On Mar 10, 2008, at 19:03, Jeff Schiller wrote:

> Whatever direction is taken (generic extensibility or specific
> allowing of SVG and MathML inline with HTML 5), I would like to add
> the following point:
>
> - Inclusion of SVG in HTML should not require a change to the SVG
> language.

That kind of statement is certain to lead to people talking past each  
other when one set of people speaks of a DOM language and another set  
of people speaks of the character stream that appears in the  
serialization.

I think we should require that that the DOM representation doesn't  
undergo changes. However, I'd be ready to allow the serialization  
stream syntax to be both extended and limited as long as certain  
common cases appear to work as perceived by authors.

> Specifically:
>
>  a) I should be able to copy & paste the inline SVG document into a
> new standalone document and it be valid SVG
>
>  b) I should be able to copy & paste the inline SVG document into a
> XHTML document and it still be valid XHTML+SVG

Personally, I don't consider that kind of copy & paste a requirement.  
The kind of copy & paste I'm interested in is taking a standalone SVG  
document where elements don't use namespace prefixes and pasting it  
into text/html.

Note that enabling source-level copy & paste from text/html to XML  
would require a lot of special-casing in the tokenizer in conformance  
checkers and would make the syntax rules of SVG subtrees inconsistent  
with the surrounding HTML elements. Still, authors who don't use  
conformance checkers would notice any of it, since they could still  
violate the rules. (Non-Draconianness is a major feature of text/html  
compared to XML. Introducing Draconian error handling in the SVG bits  
in text/html would miss the point big time.)

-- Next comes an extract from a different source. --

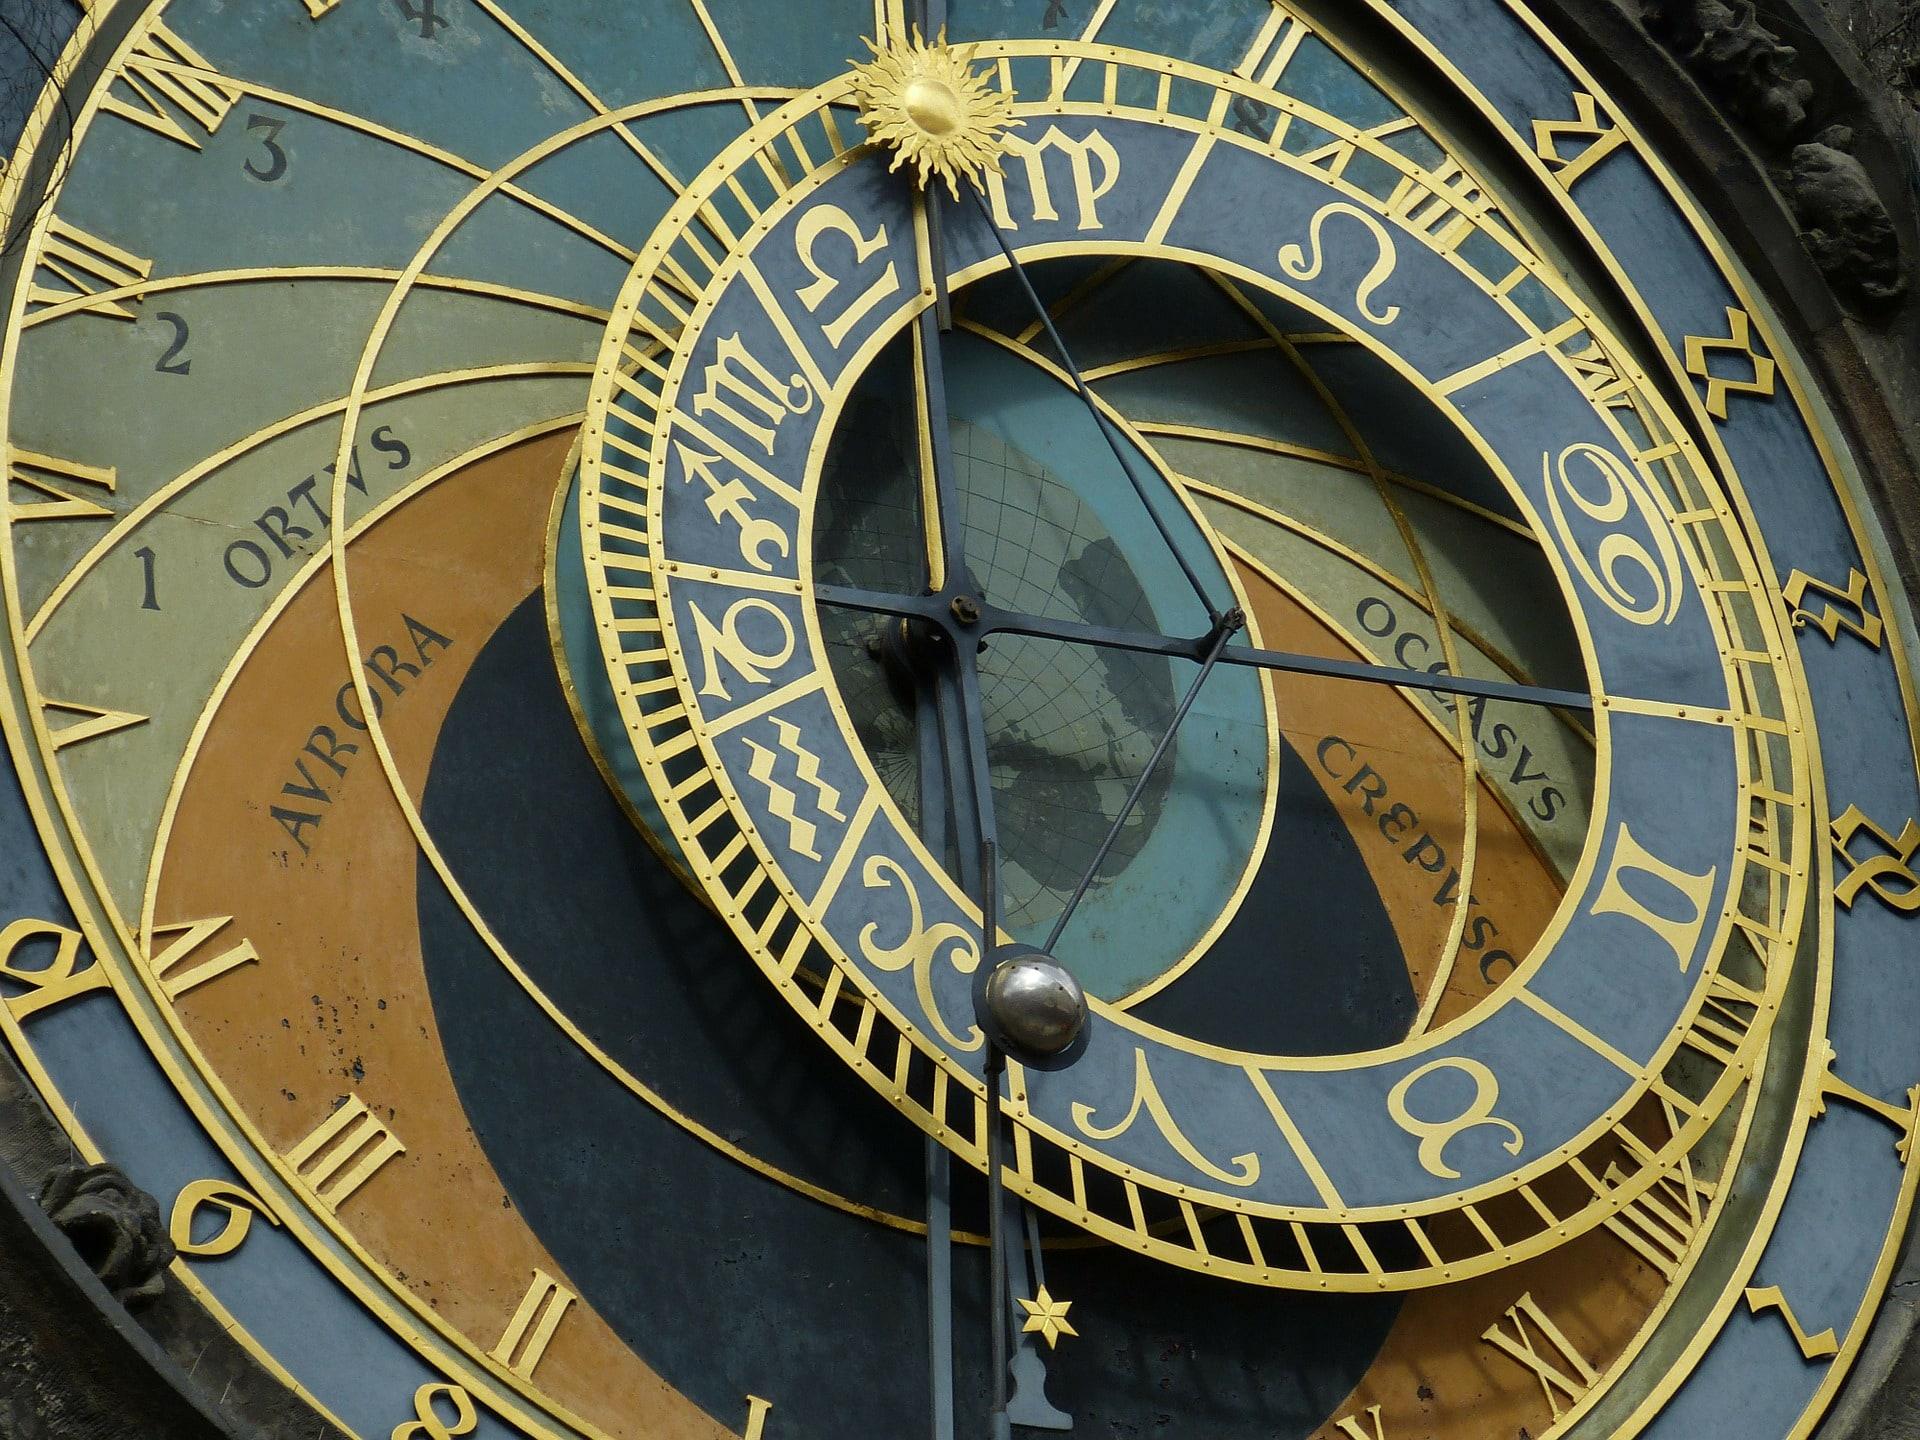 https://pixabay.com/en/astronomical-clock-prague-old-town-226897/

> In both cases, I might need to copy & paste some xml namespace
> attributes from one element to another, but otherwise there is no
> change to the SVG language i.e. it's still XML with the requirements
> that:
>  - attributes be quoted

What should, in your opinion, happen when they aren't? (In my opinion,  
attribute values should be tokenized like HTML attribute values. Then  
it's only a matter of deciding which cases are parse errors and I'd  
prefer to be consistent with the surrounding HTML.)

>  - elements be closed

I agree that this should be required for conformance. What should, in  
your opinion, happen when they aren't closed? (In my opinion, the  
stack of open elements should be searched for a matching element in  
SVG scope. If one is found, the stack should be popped until that  
element comes off the spec. If a matching element is not found, the  
end tag token should be ignored.)

>  - elements are case-sensitive

I agree.

> The reason I think this is important is that, if we do not ensure it's
> valid XML SVG, then we'll have interoperability problems in existing
> browsers and viewers that support SVG and SVG content tools.

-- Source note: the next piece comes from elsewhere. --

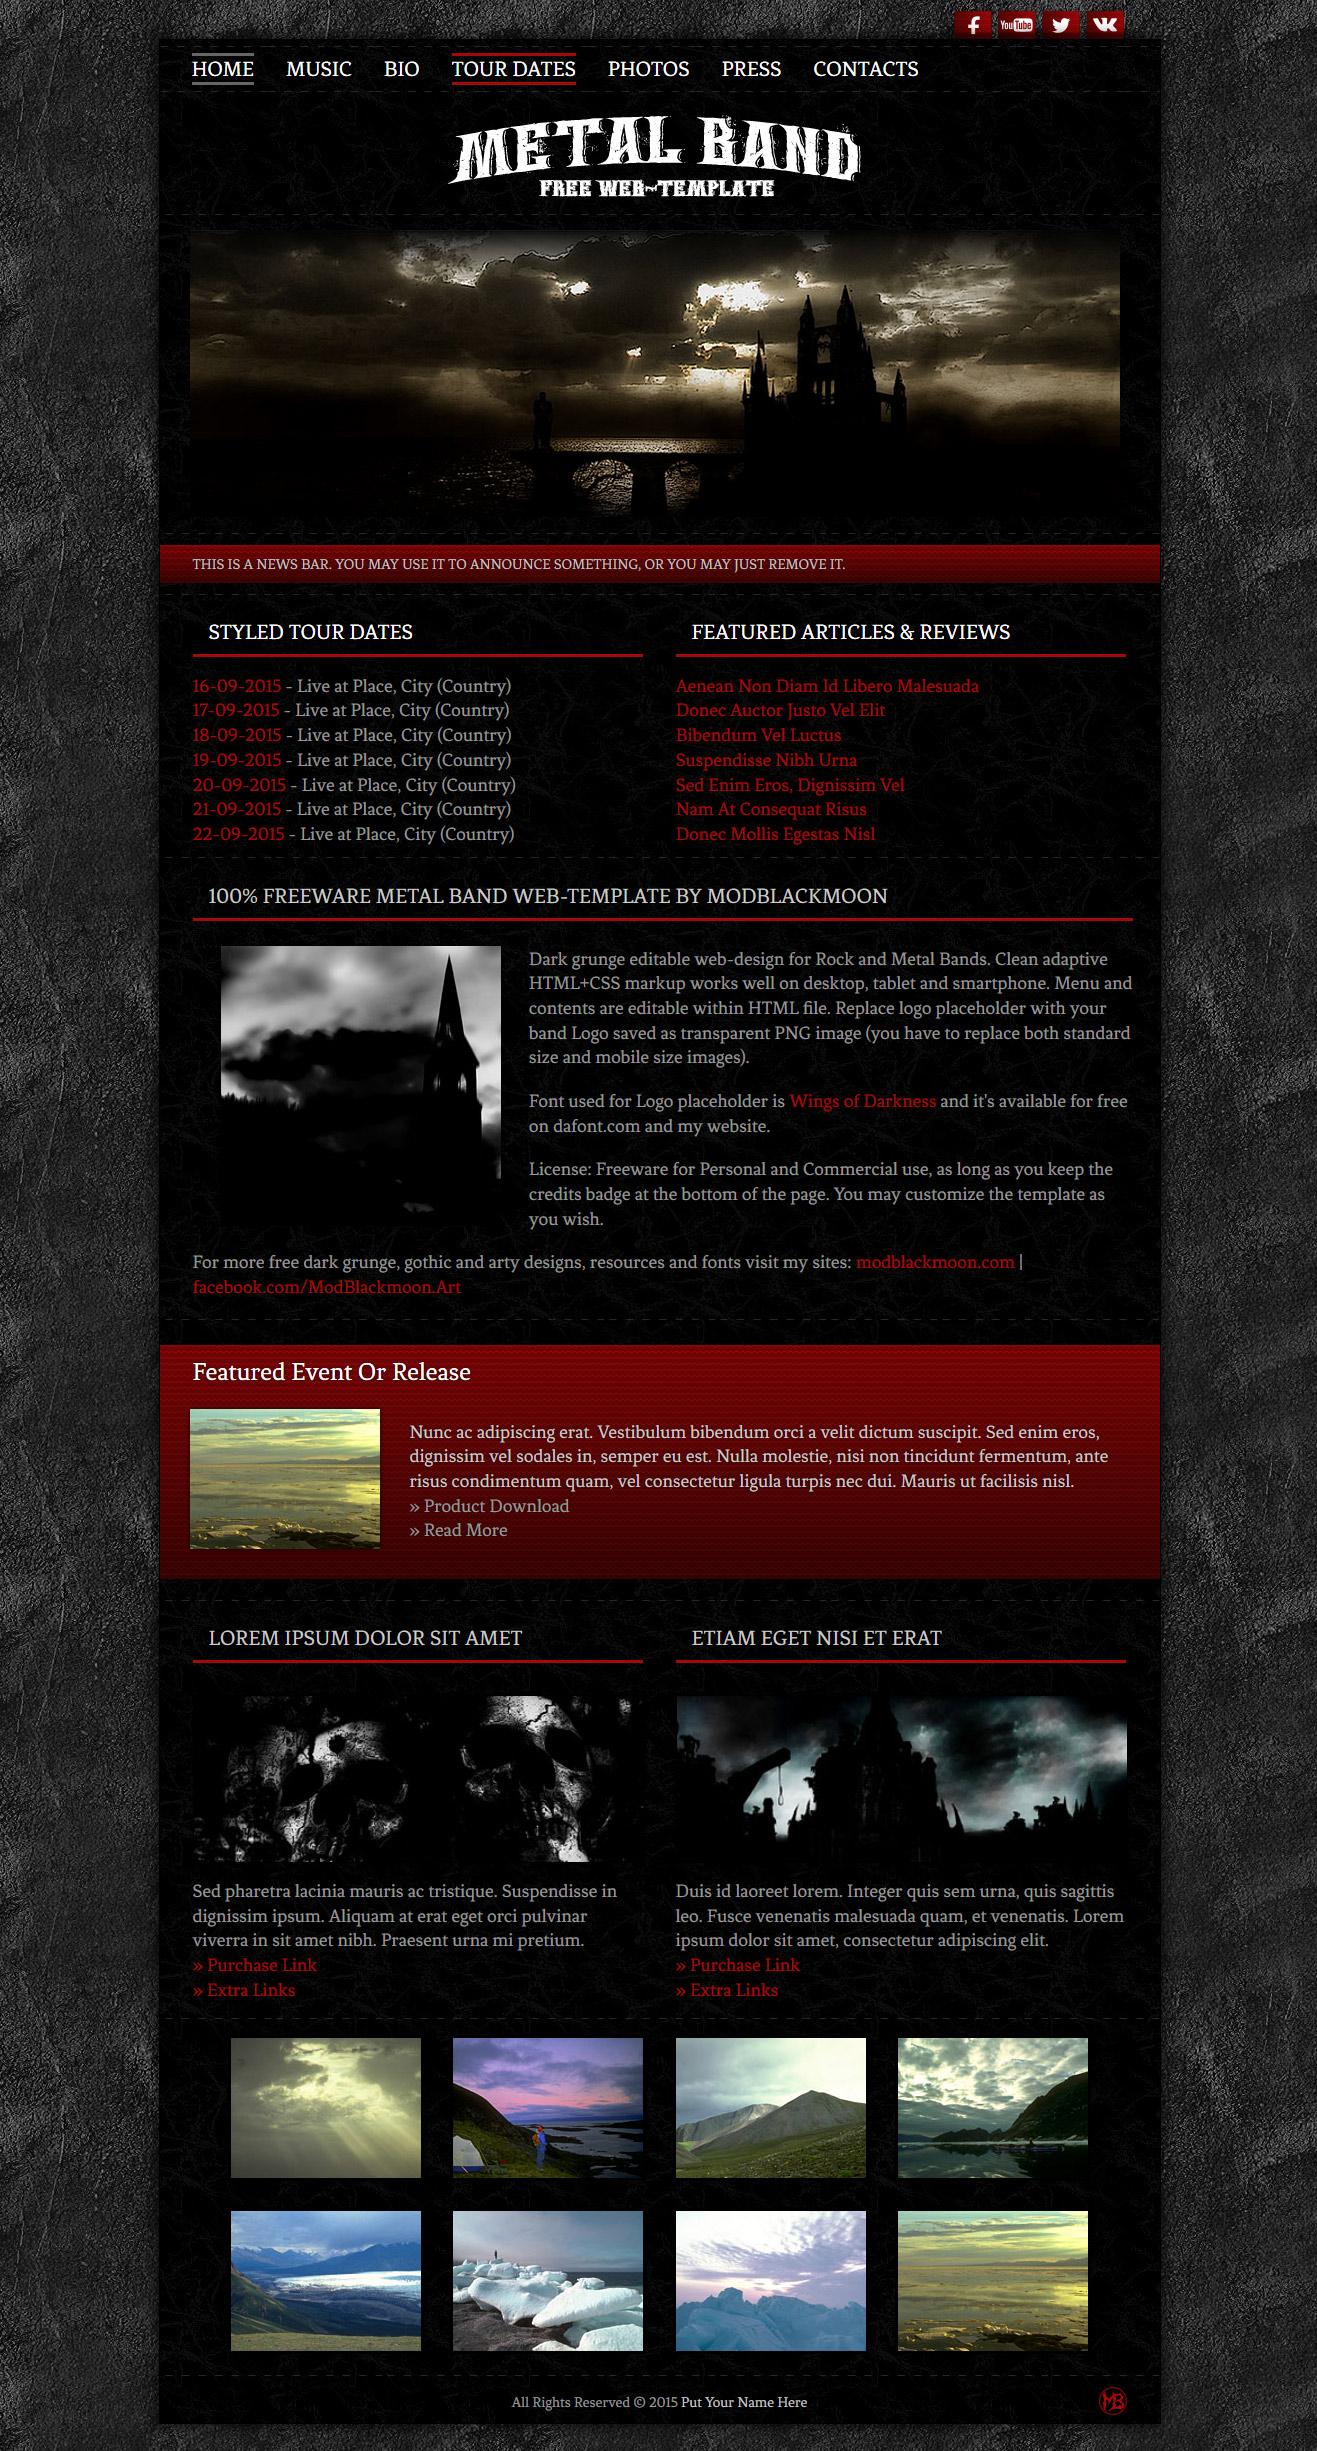 Metal Band Web-Template 026

Allowing inline SVG in text/html is an interop problem with existing  
UAs no matter what. The justification for introducing such an interop  
problem is the assumption that the non-inlineability of SVG in text/ 
html is holding SVG back and enabling SVG in text/html would allow SVG  
(in the sense it exists as a DOM language) take off.

> SGMLizing SVG would require more work from developers to ensure that
> that flavour of SVG allowed in HTML works in their tools.

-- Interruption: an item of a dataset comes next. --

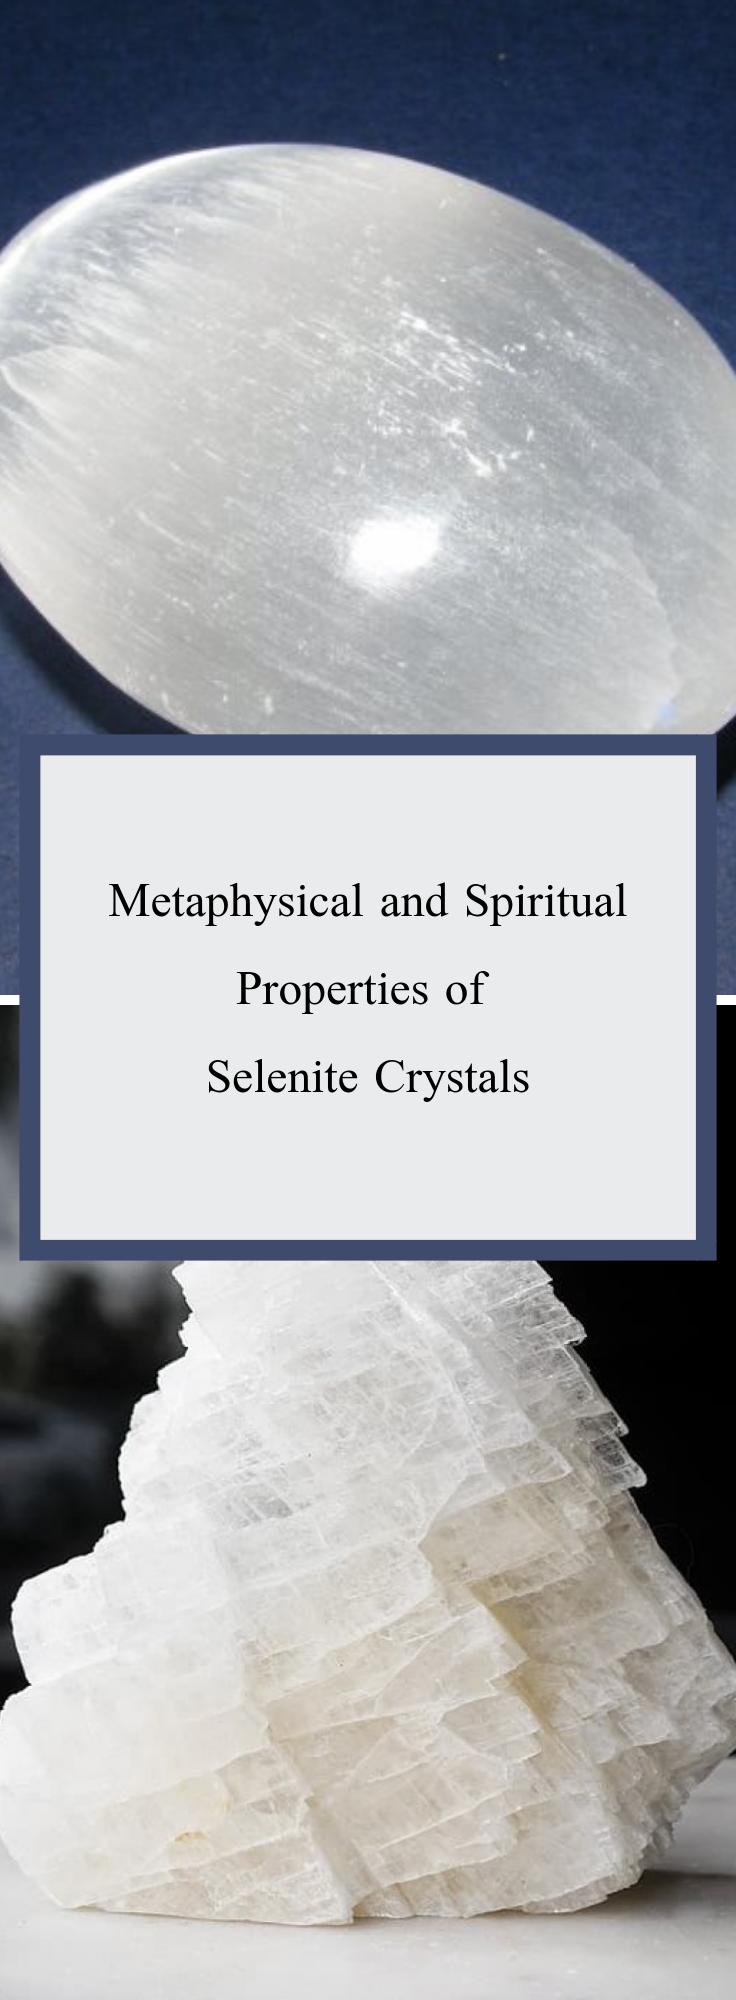 Home Ayana Products Selenite Crystal Crystals Chakra Crystals

(There's no SGML here.) And yes, SVG tools wishing to support SVG in  
text/html would need to include an HTML5 parser and a serializer.  
These are expected to be off-the-shelf components plugging into  
popular XML APIs.

> Further
> elaboration here:
> http://blog.codedread.com/archives/2007/10/19/yet-more-on-svg-in-texthtml/#p2

(Quoting from blog post.)
> Lots of talk these days about allowing SVG inline with text/html  
> content.  I thought I’d try and put some thoughts down.
>
> Start with Doug’s excellent post on this topic.  I don’t have any  
> opinion on the aria-specific elements of the debate.  I’m fine with  
> either adding a namespace to these attributes when used in XML or  
> letting those attributes attach themselves to the SVG language  
> without a namespace if it simplifies things, I don’t see a need to  
> update the SVG specification for this though.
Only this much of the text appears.